* TASK REQUIREMENTS *
Beginning with the line where "Memorex operating instructions" appears, restate each line word for word until the data ends. Pictures do not go in.

== PROVIDED MATERIAL ==

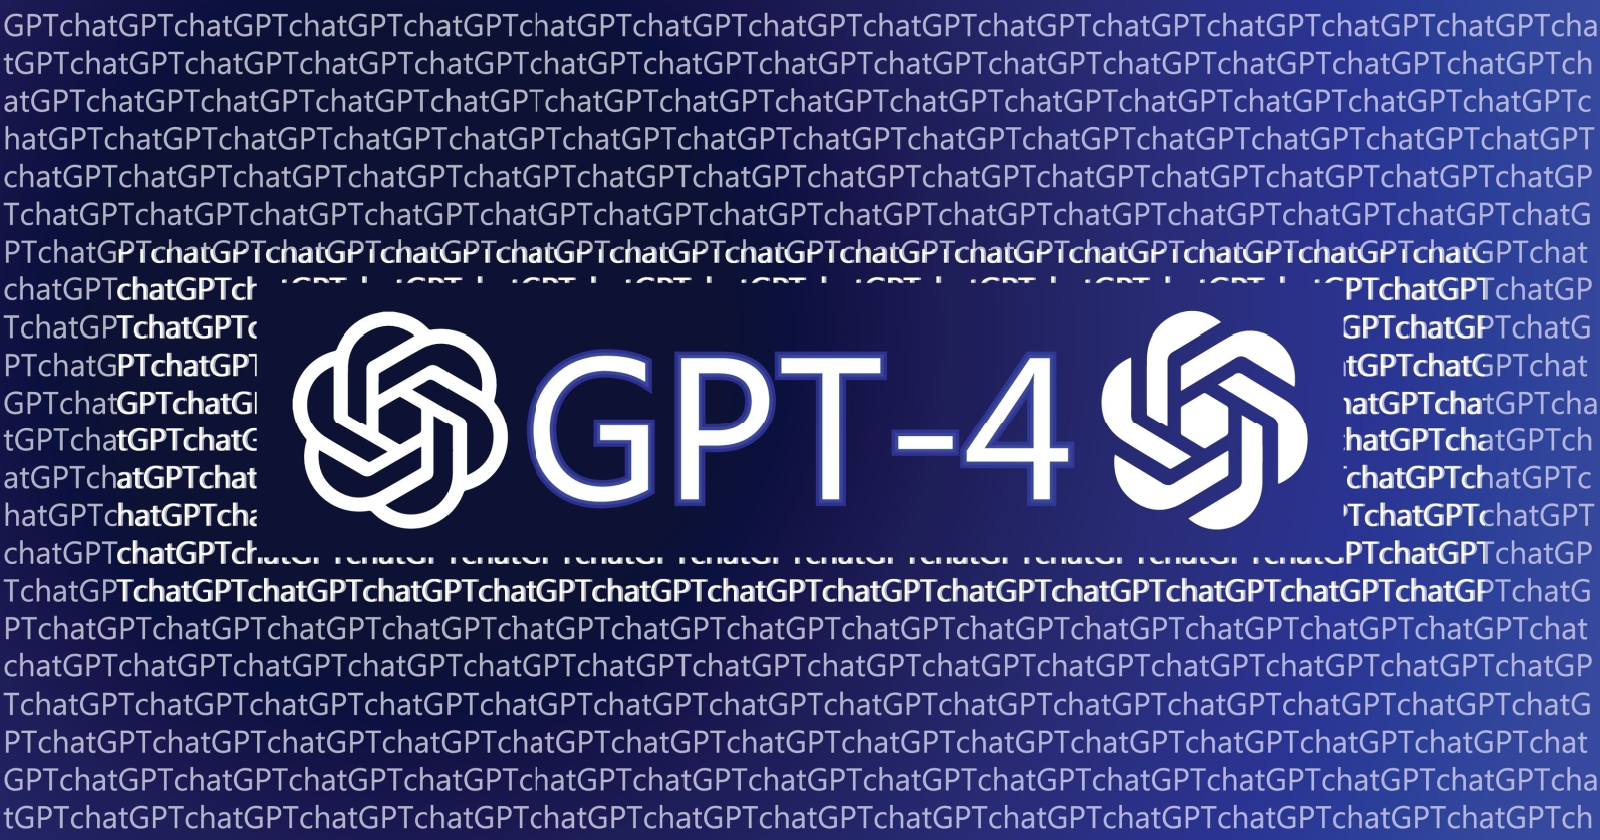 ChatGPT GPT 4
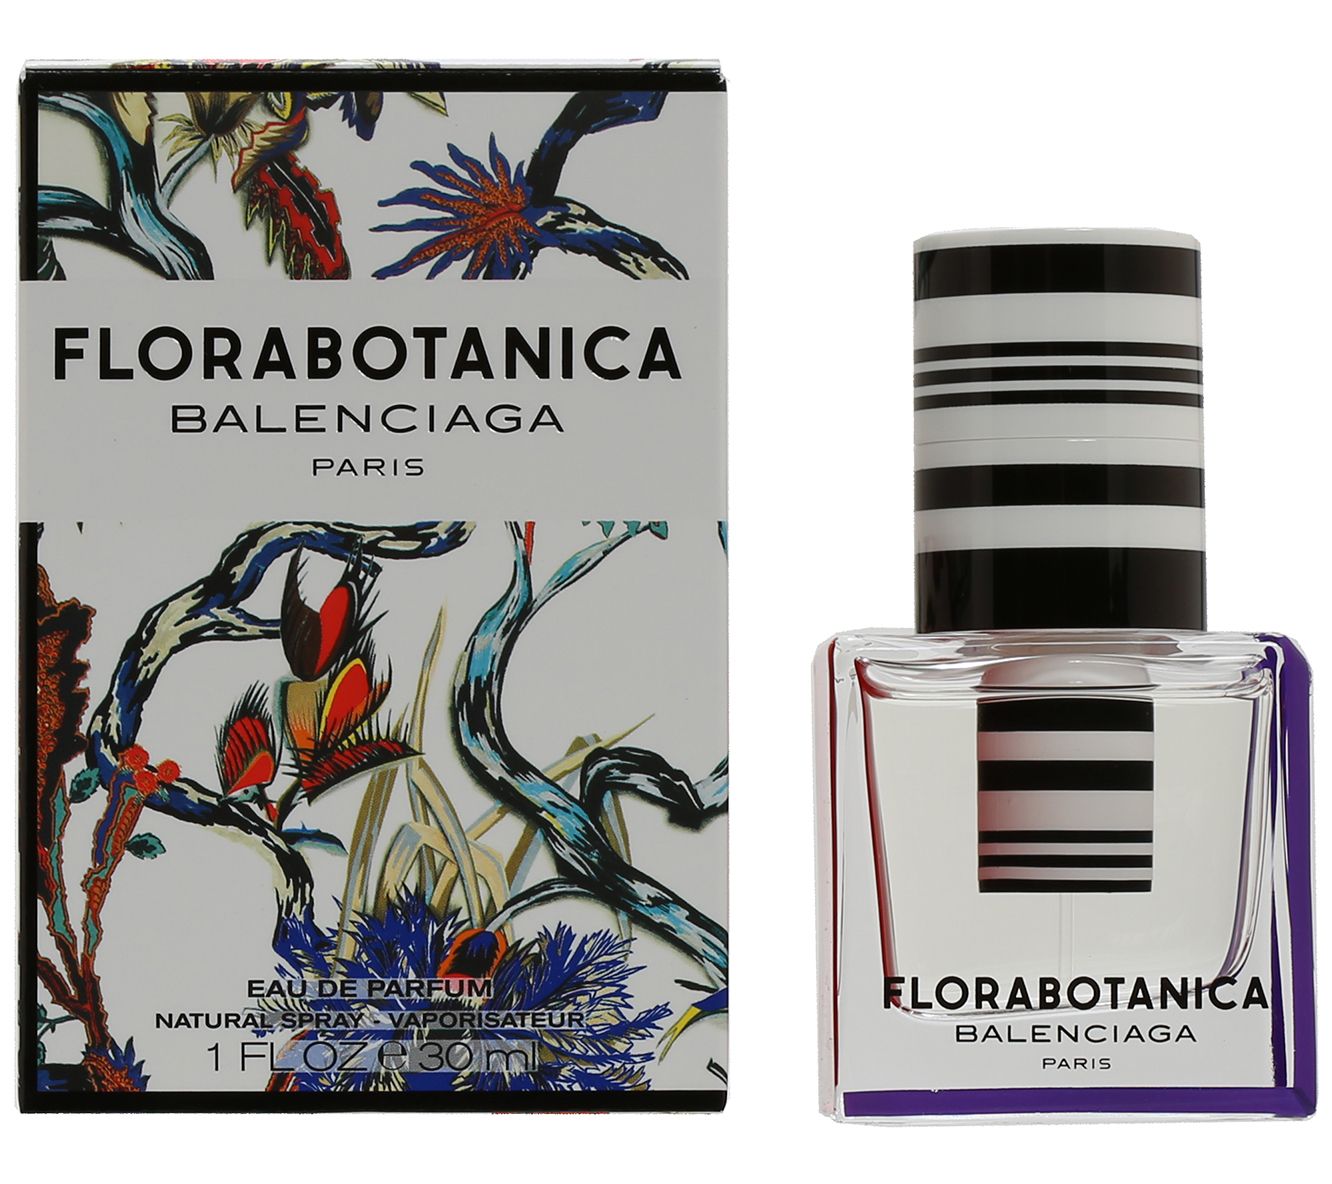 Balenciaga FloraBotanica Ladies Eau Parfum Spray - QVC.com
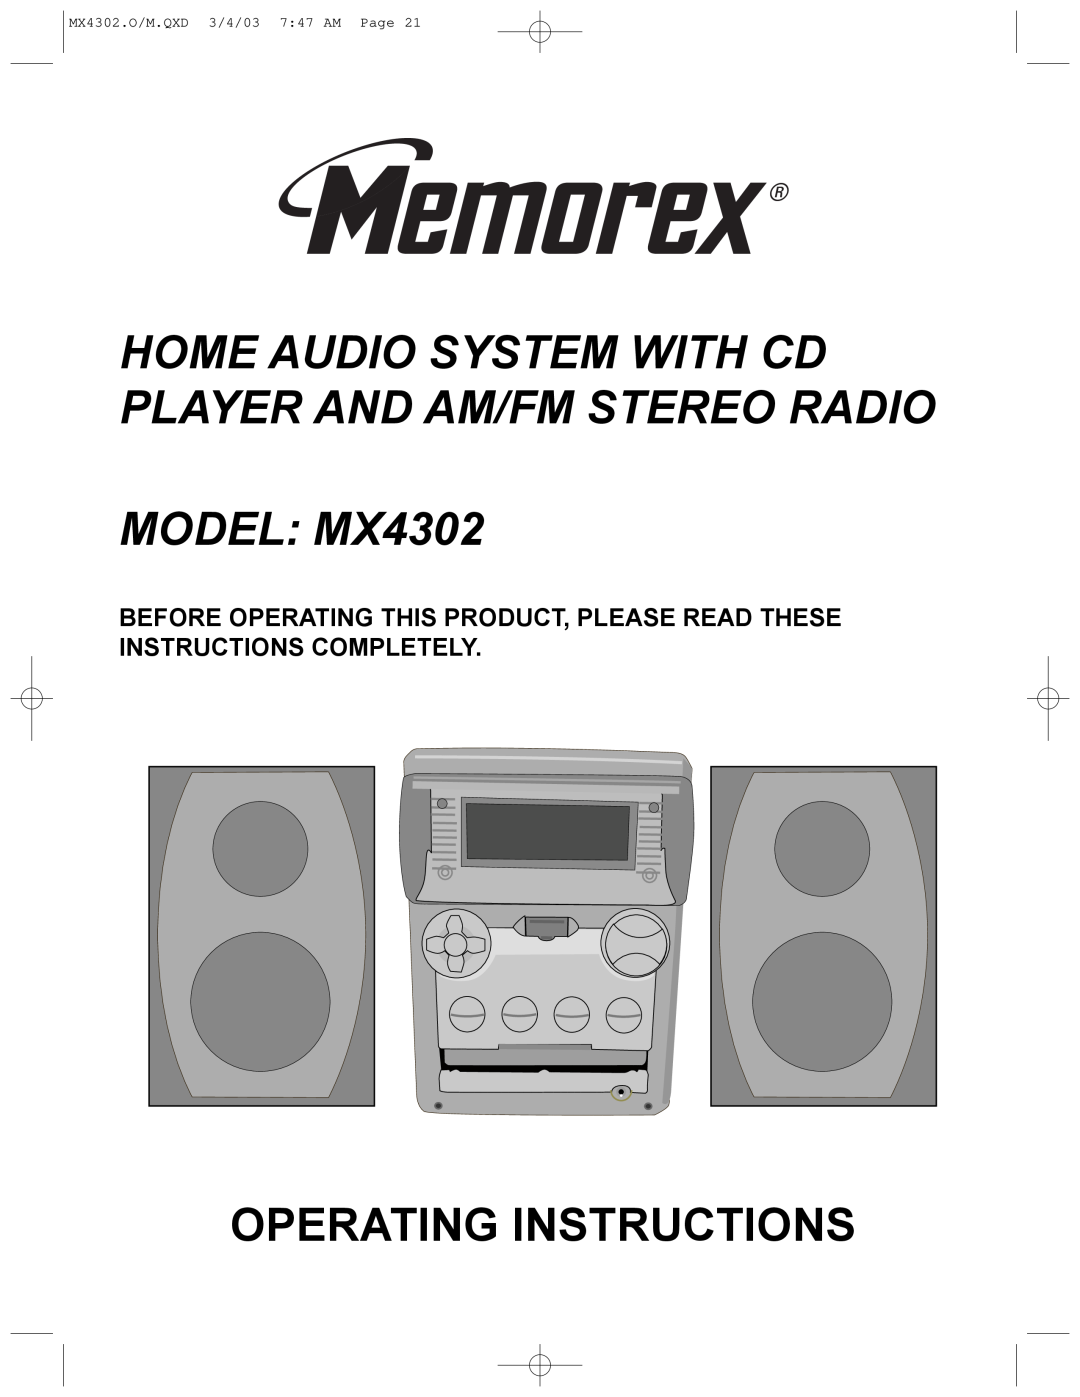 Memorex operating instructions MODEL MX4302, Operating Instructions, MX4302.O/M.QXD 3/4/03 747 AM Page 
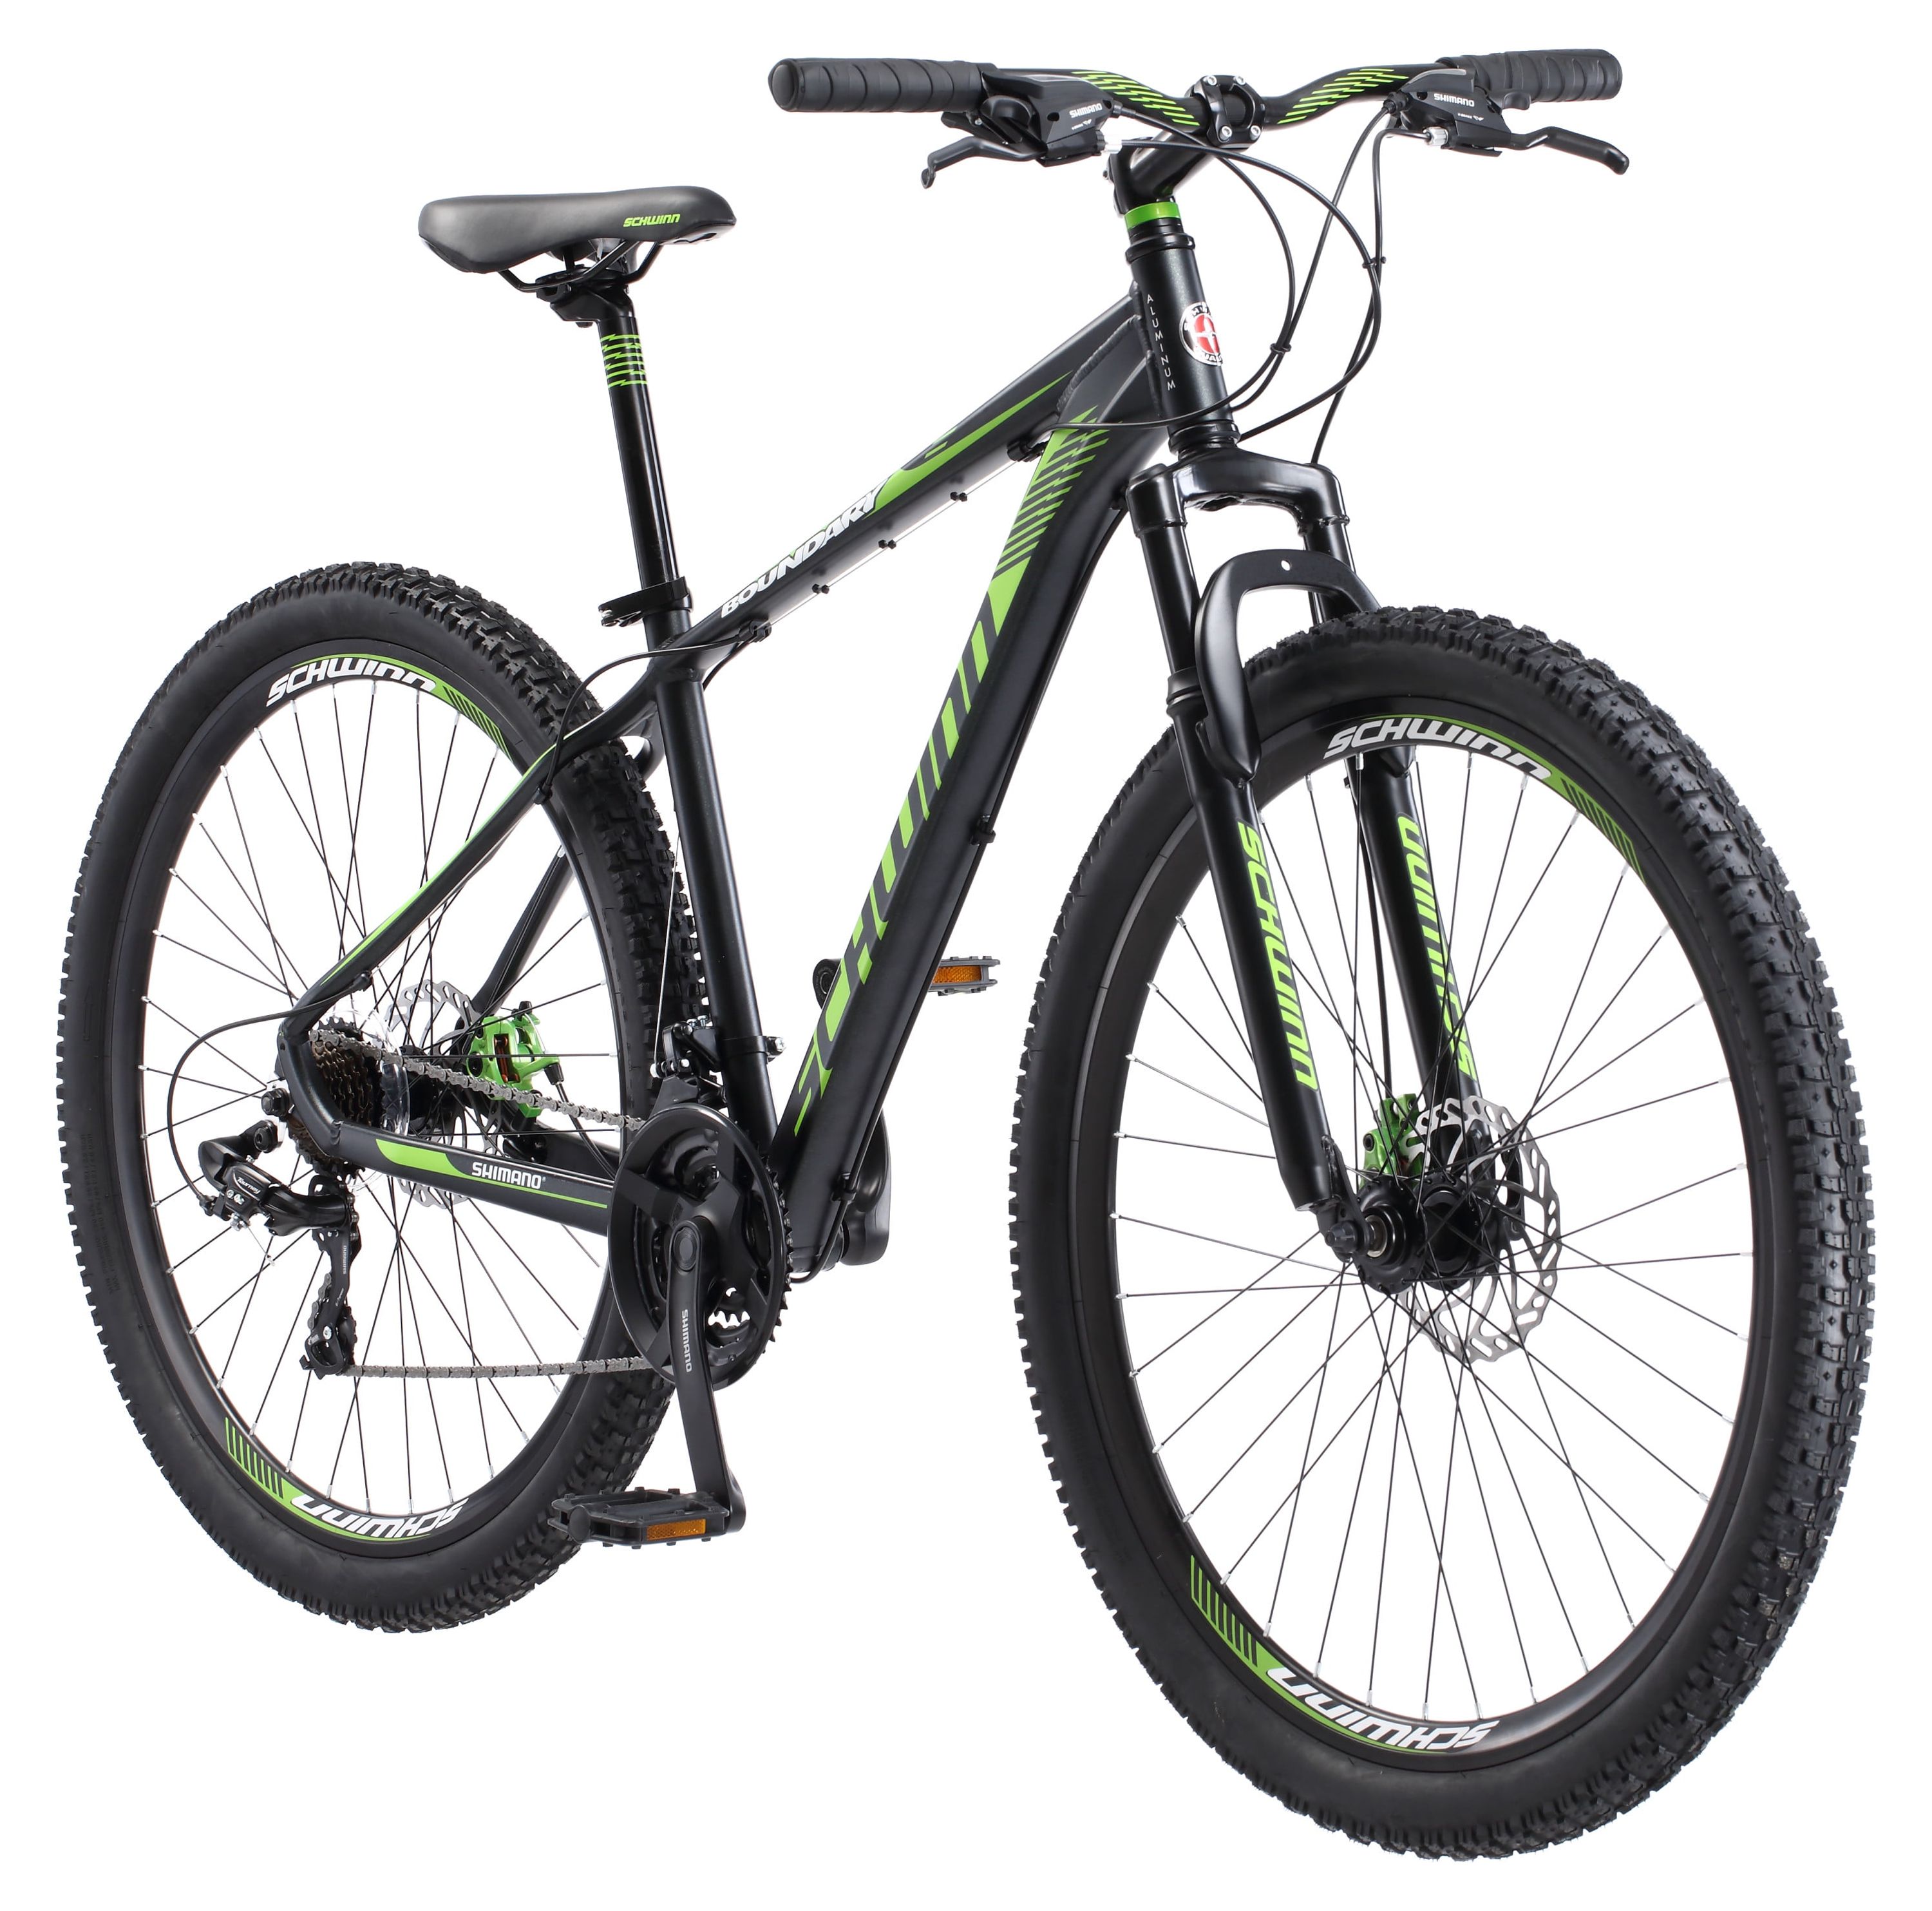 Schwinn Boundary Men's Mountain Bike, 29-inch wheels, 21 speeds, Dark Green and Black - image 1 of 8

===

* RESPONSE TO THIS EXERCISE *
 Memorex operating instructions MODEL MX4302, Operating Instructions, MX4302.O/M.QXD 3/4/03 747 AM Page 
 Schwinn Boundary Men's Mountain Bike, 29-inch wheels, 21 speeds, Dark Green and Black - image 1 of 8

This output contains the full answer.